Thanks for the recent comments, it help keeps me motivated 



Dr Hobo Scratch MD said:


> what are you doing for traps?


I've been doing the barbell shrug and upright row.


----------



## Nada (Dec 19, 2004)

Just thought I should revisit this thread and update on my progress. Anyways, I've gained roughly 8-10 lbs since creating this thread 7 months ago and I seem to making decent progress despite my crappy genetics.

I still like to gain a bit more first before focusing on reducing body fat.


----------



## thundercats (Mar 12, 2012)

How much time is between the first picture and the last one?

Anyway, very impressive progress. Maybe you could share a bit about your diet (calorie intake, what kind of stuff you usually eat all day, what kind of supps you use) and workout program. 

You say you have crappy genetics. Why exactly? Cause you start with little muscle mass? I don't think this means much. Markus Ruhl also had little mass when he started. I think what matters much more is how you respond to training.


----------



## Nada (Dec 19, 2004)

thundercats said:


> How much time is between the first picture and the last one?
> 
> Anyway, very impressive progress. Maybe you could share a bit about your diet (calorie intake, what kind of stuff you usually eat all day, what kind of supps you use) and workout program.
> 
> You say you have crappy genetics. Why exactly? Cause you start with little muscle mass? I don't think this means much. Markus Ruhl also had little mass when he started. I think what matters much more is how you respond to training.


The first picture, about the time I started working out, was taken back in early 2009. It has been a roller-coaster ride where I gained, lost, and regained.

I personally don't think I have great genetics. I've been super skinny up until I was 27 but have attempted in the past to gain weight with practically no results. I'm also an ectomorph.

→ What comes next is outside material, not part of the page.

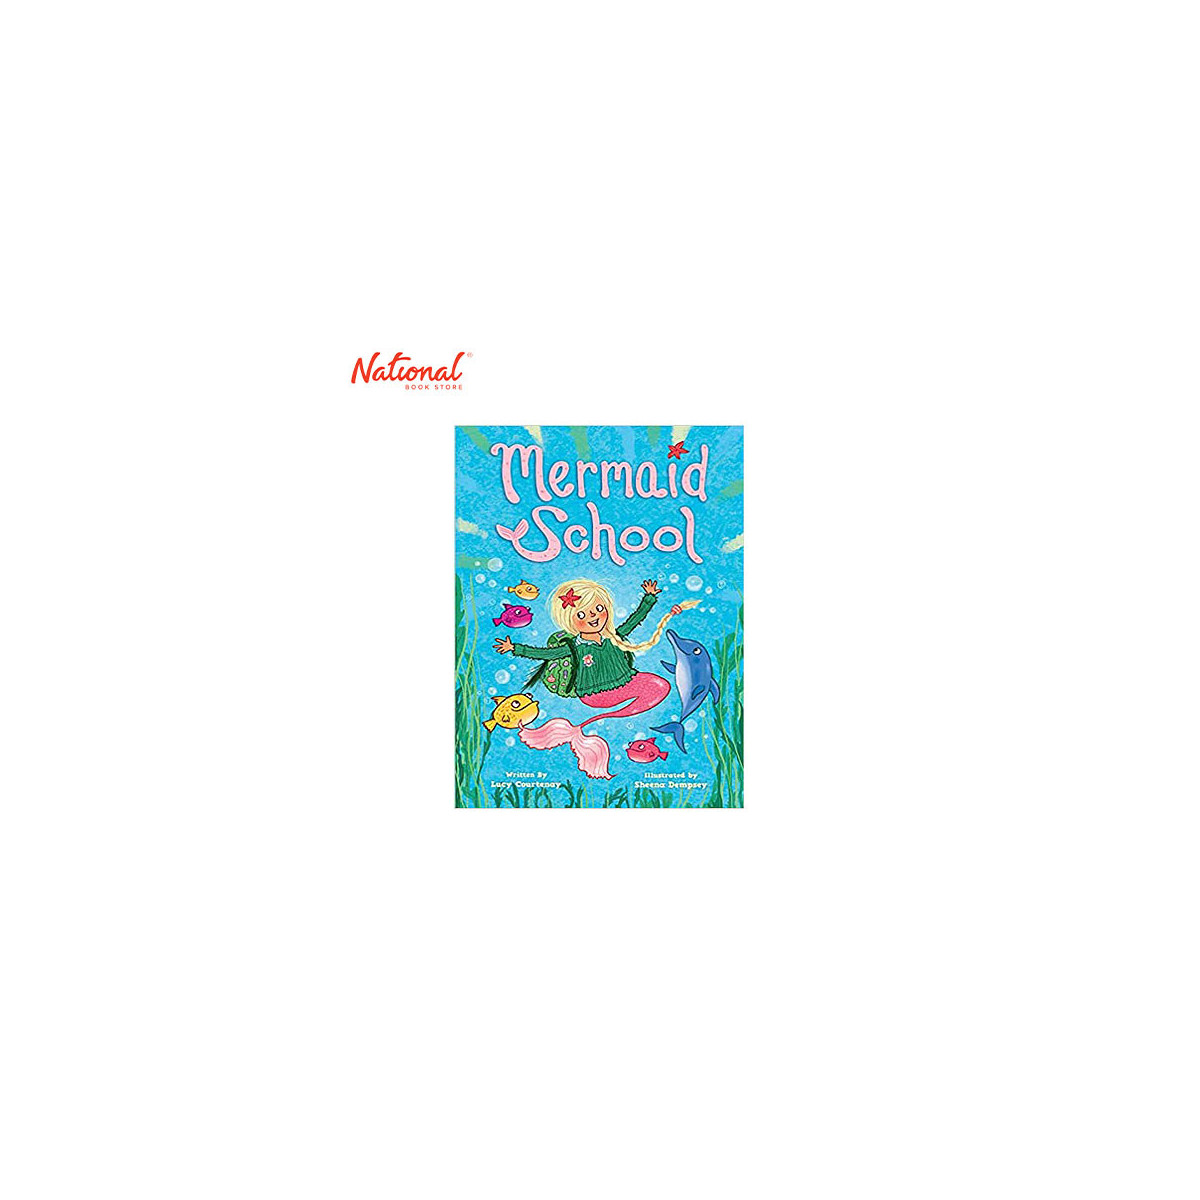 Mermaid School Trade Paperback by Lucy Courtenay

As for what I eat. Lots of meat, milk, or anything with lots of protein. I don't calculate my calorie intake. I simply eat what I can or more if I don't notice any gains after awhile. I haven't taken any supplements for a year, but plan on doing the protein shakes again. I've been targeting different muscle groups spread out over 3 days for my weekly workout.


----------



## Degeh (Oct 31, 2012)

You did a great job man. Keep it up!


----------



## Scorpio90 (Oct 17, 2012)

Is it possible :fall


----------



## millenniumman75 (Feb 4, 2005)

Okay - this is giving me a panic attack. :afr


----------



## scarpia (Nov 23, 2009)

Nada said:


> Just thought I should revisit this thread and update on my progress. Anyways, I've gained roughly 8-10 lbs since creating this thread 7 months ago and I seem to making decent progress despite my crappy genetics.
> 
> I still like to gain a bit more first before focusing on reducing body fat.


 I was able to gain about 10 pounds a year back when I was lifting a lot. I started out VERY thin at 140. Got to 160 in a couple of years -my initial goal. But bodybuilding is addictive. You ALWAYS want to get bigger. I started lifting heavier and switching the routine around. Was able to get to 175 in a few more years. I had thought that would be fine but when I got there I wanted to get even bigger. I don't know what would have happened if I had not separated my shoulder in a bicycle accident. I lost that extra 15 pounds I had worked so hard for very quickly. After that I decided it was not worth the trouble to keep gaining. I still lift, but with my bad shoulder, back and foot I do it to keep toned rather than bulk up.


----------



## Kwtrader (Oct 10, 2007)

its good motivation to see how far u come.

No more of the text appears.